I would like to create a joint probability distribution by combining two dataframes. Each dataframe contains data drawn from the same population, but the data is not matched. For the sake of providing workable code, imagine that the data is as follows:

v1 <- data.frame(rnorm(100, 0, 3))

v2 <- data.frame(rnorm(30, 10, 20))

In reality I have survey data and simulation data that does not follow a pre-set probability distribution. I am looking for a solution that can combine two vectors of different lengths to create a joint probability distribution.

Dataset v1 represents the distribution of financial returns that can be earned by installing solar panels.

Dataset v2 represents the financial return threshold for households interested in installing solar. A household will only install solar if they live in a home that would meet the threshold they have set in terms of financial return.

Given these two datasets, I'd like to use the joint probability distribution to estimate the likely proportion of households that will adopt and install solar panels.
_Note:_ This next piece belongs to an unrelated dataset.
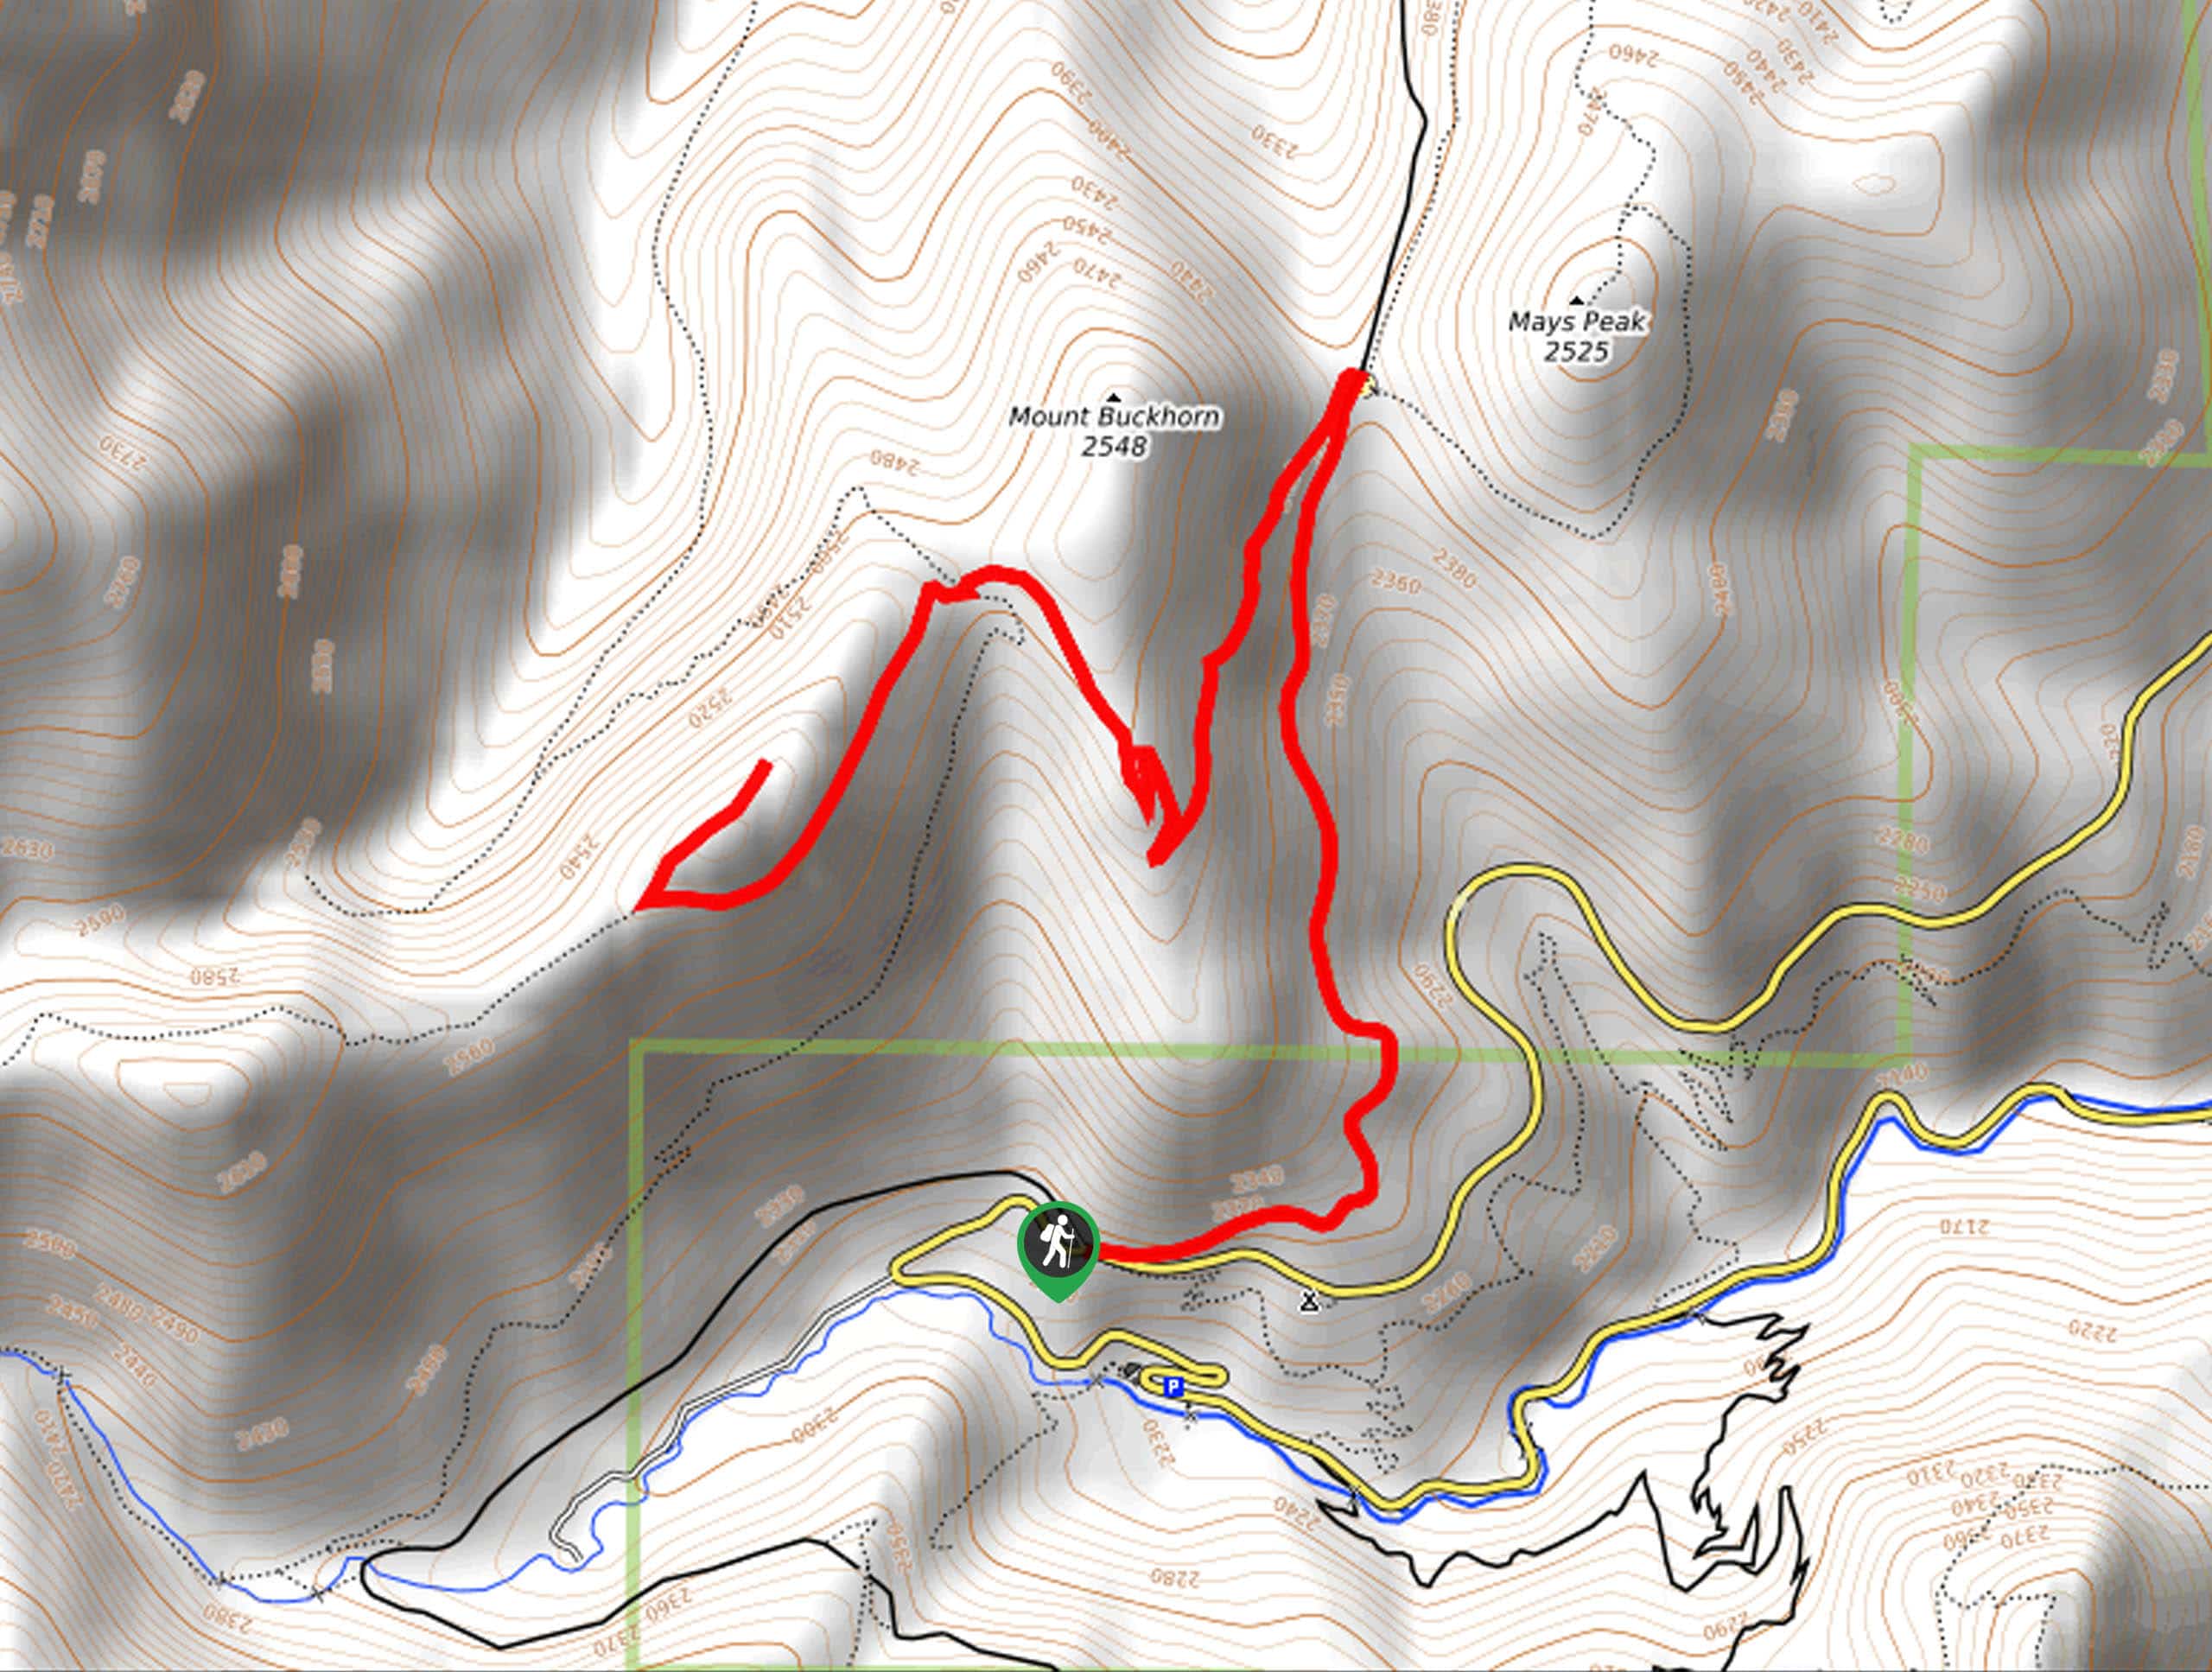 Captain Jack’s Peak Trail Map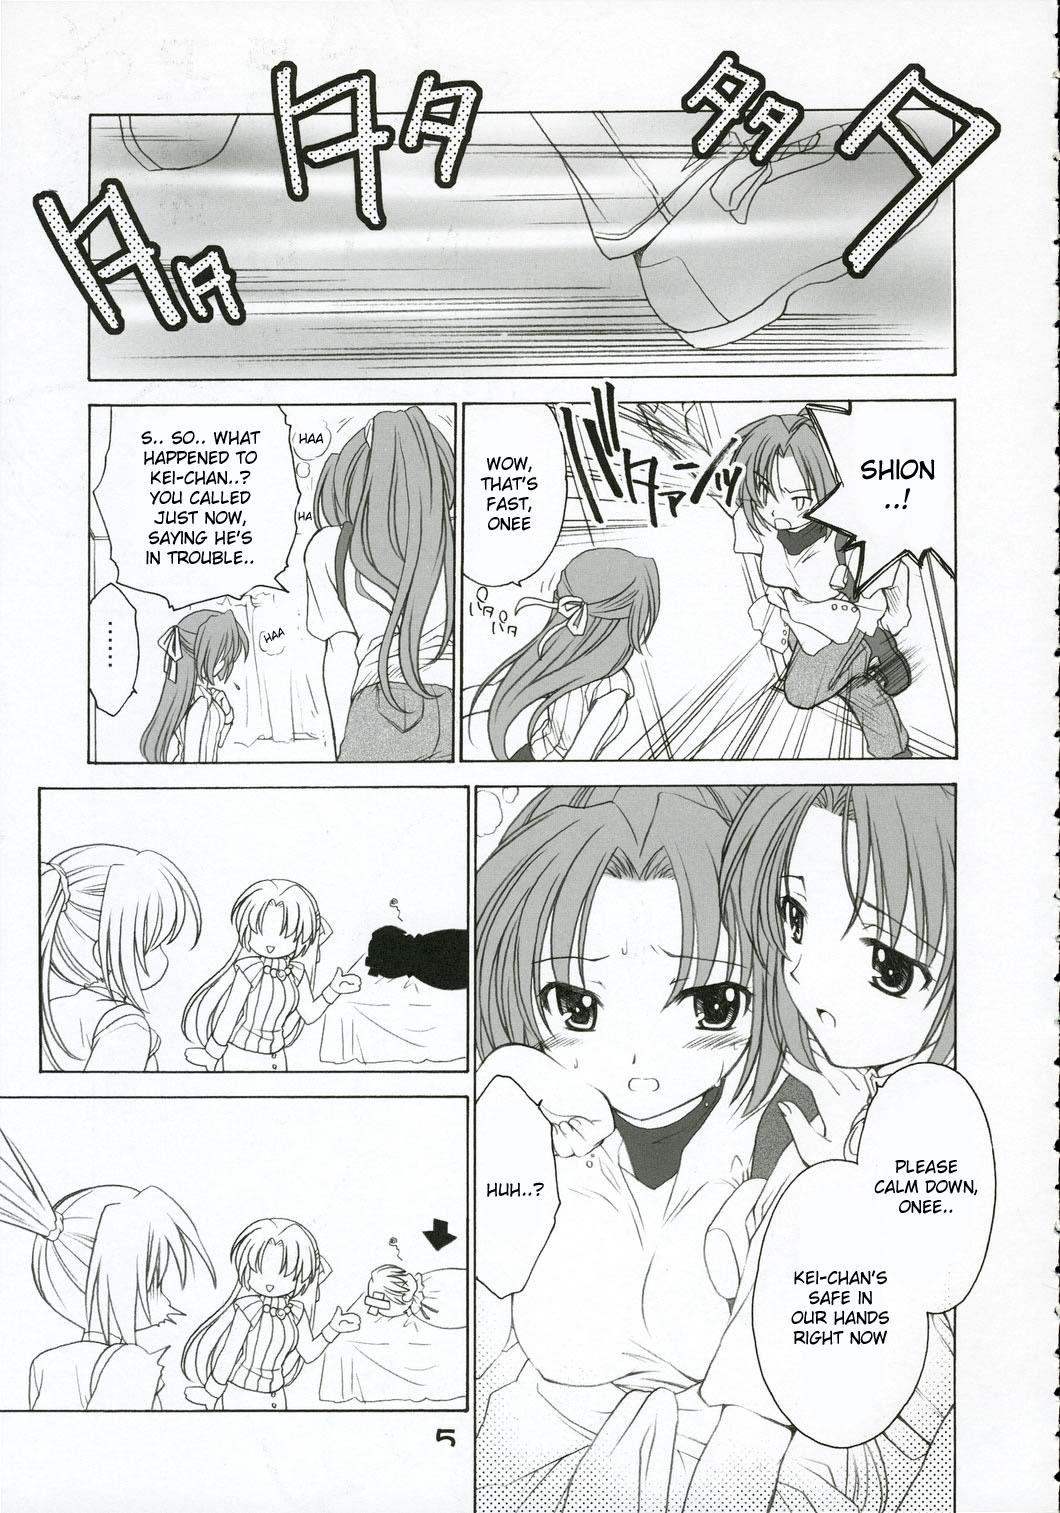 Orgasmo Mion Shion - Higurashi no naku koro ni Cosplay - Page 4

I've considered running a monte carlo exercise where I would randomly draw from v1 and match it with a draw from v2. I would repeat the process 1000 times and see how many homes would have achieved a return greater than their threshold.

library(tidyverse)
set.seed(1234)

monte = NULL

for (i in 1:1000)
{dat = data.frame()
  draw1 <- sample_n(v1, 1) 
  draw2 <- sample_n(v2, 1) 
  dat = data.frame(draw1,draw2)
  monte = rbind(monte, dat)
}

colnames(monte) <- c("return","threshold")

adoption <- monte %>%
  mutate(total = n()) %>%
  filter(return > threshold) %>%
  summarize(count = n(),
            total=mean(total)) %>%
  mutate(adoption = count/total)

This could work, but I am wondering if there is an alternate way to combine these vectors into a joint probability distribution using R. I would like to be able to generate summary statistics (e.g. proportion of households that would achieve a net return greater than their required threshold), and also visualize the joint distribution in 2-dimensional space.

SolarSon
  • 11
  • 4
  • 3
    I'm not sure I follow. You have two marginal distributions that are not matched, and you want to find the joint distribution? You can't do that unless you either know their joint distribution a priori or you have a dataset with matched data in which case you have an empirical joint distribution. – Migwell Nov 04 '21 at 05:17

1 Answers1

2

The question inherently does not make sense - if the data is not matched you cannot visualize the sampling distribution.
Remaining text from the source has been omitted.